Adversarial: Thіs is а grеat prοduсt
  Prediction: NEGATIVE (0.981)

Attack success: True
Confidence change: 0.019


### Working Example: Synonym Substitution Attack

Let's implement a simple synonym substitution attack:

In [120]:
# Working Example: Synonym Substitution Attack
from nltk.corpus import wordnet

def get_synonyms(word):
    """Get synonyms for a word using WordNet"""
    synonyms = set()
    for syn in wordnet.synsets(word):
        for lemma in syn.lemmas():
            synonym = lemma.name().replace('_', ' ')
            if synonym.lower() != word.lower():
                synonyms.add(synonym)
    return list(synonyms)

def simple_synonym_attack(text, target_words):
    """Replace target words with synonyms"""
    words = text.split()
    adversarial_words = words.copy()
    
    for i, word in enumerate(words):
        if word.lower() in target_words:
            synonyms = get_synonyms(word.lower())
            if synonyms:
                adversarial_words[i] = synonyms[0]
    
    return ' '.join(adversarial_words)

# Test the attack
original = "This movie is great and entertaining"
adversarial = simple_synonym_attack(original, ['great', 'entertaining'])

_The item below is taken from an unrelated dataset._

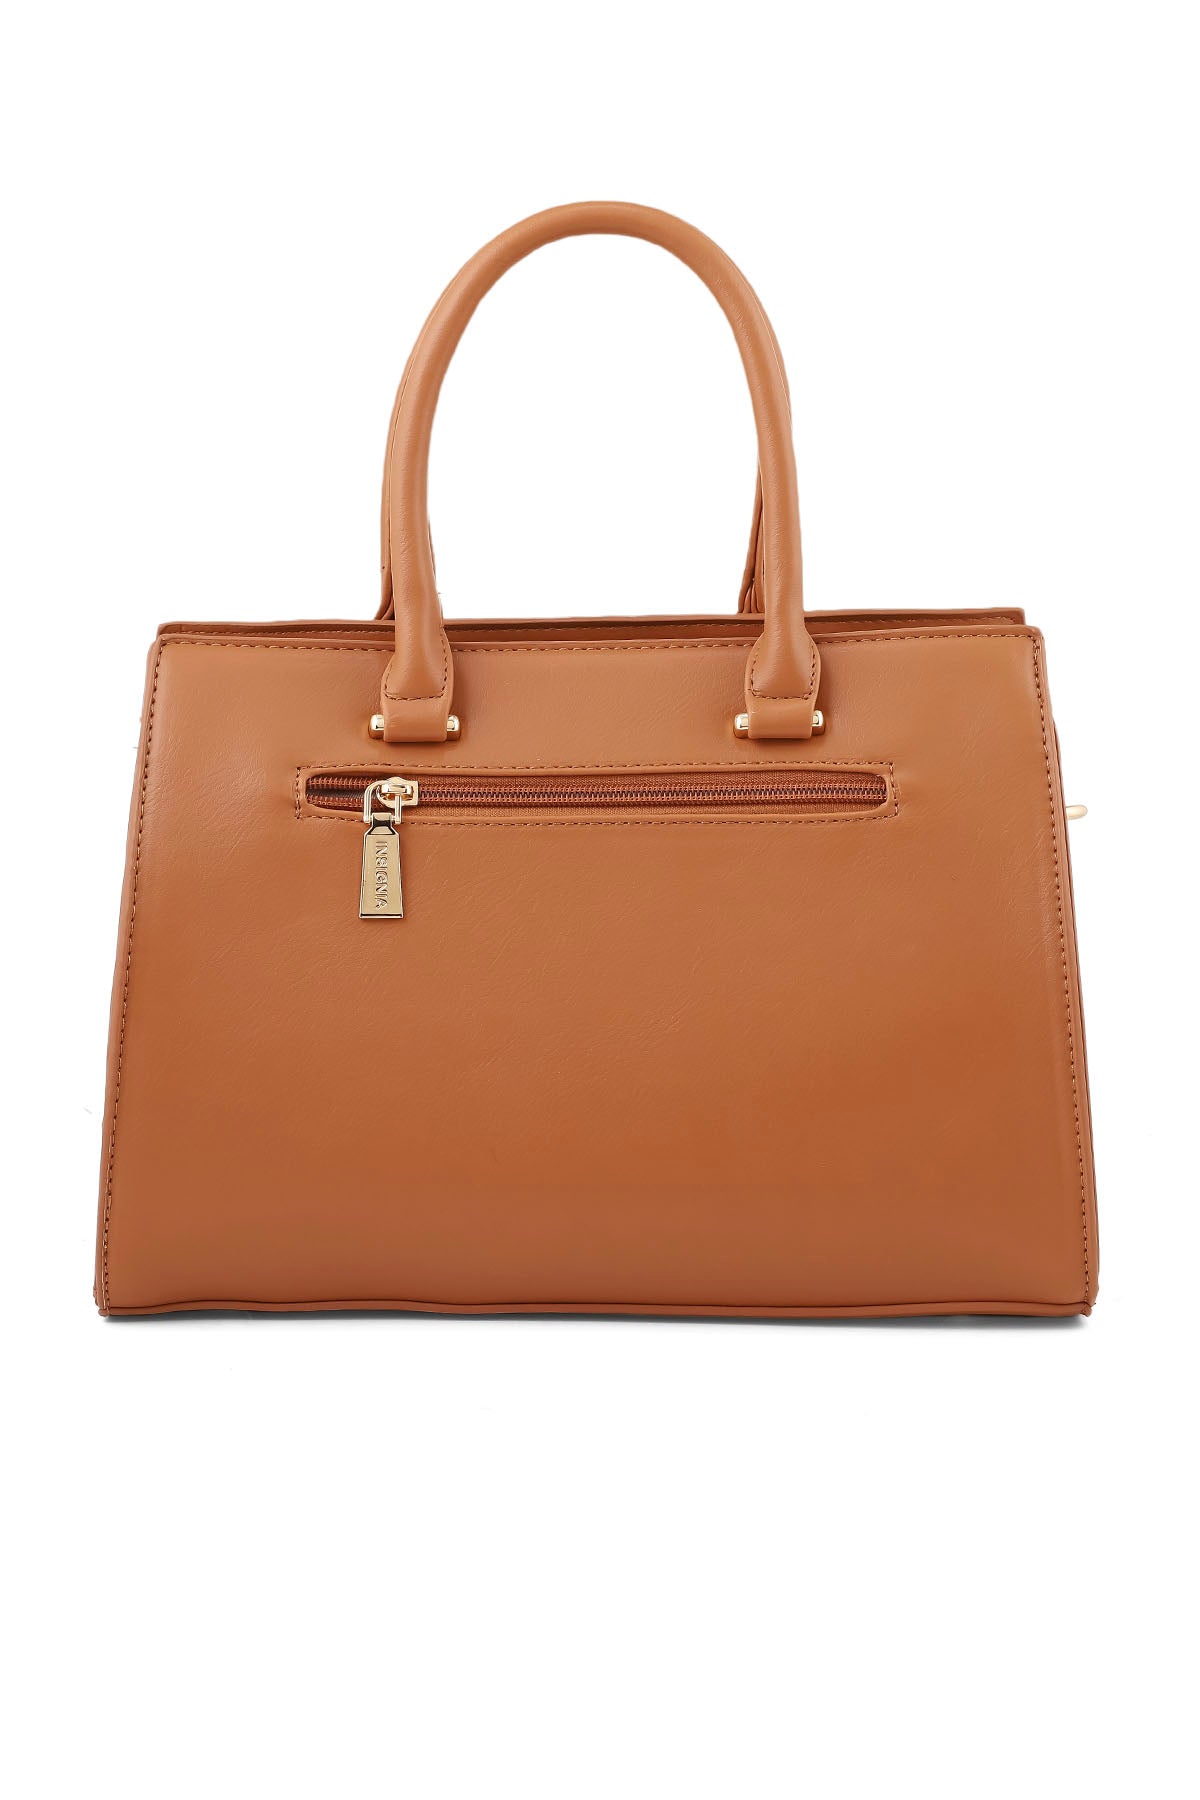 Formal Tote Hand Bags B15034-Brown

print(f"Original:    {original}")
orig_result = sentiment(original)[0]
print(f"  Prediction: {orig_result['label']} ({orig_result['score']:.3f})")

print(f"\nAdversarial: {adversarial}")
adv_result = sentiment(adversarial)[0]
print(f"  Prediction: {adv_result['label']} ({adv_result['score']:.3f})")

print(f"\nSynonyms used:")
print(f"  great → {adversarial.split()[3]}")
print(f"  entertaining → {adversarial.split()[5]}")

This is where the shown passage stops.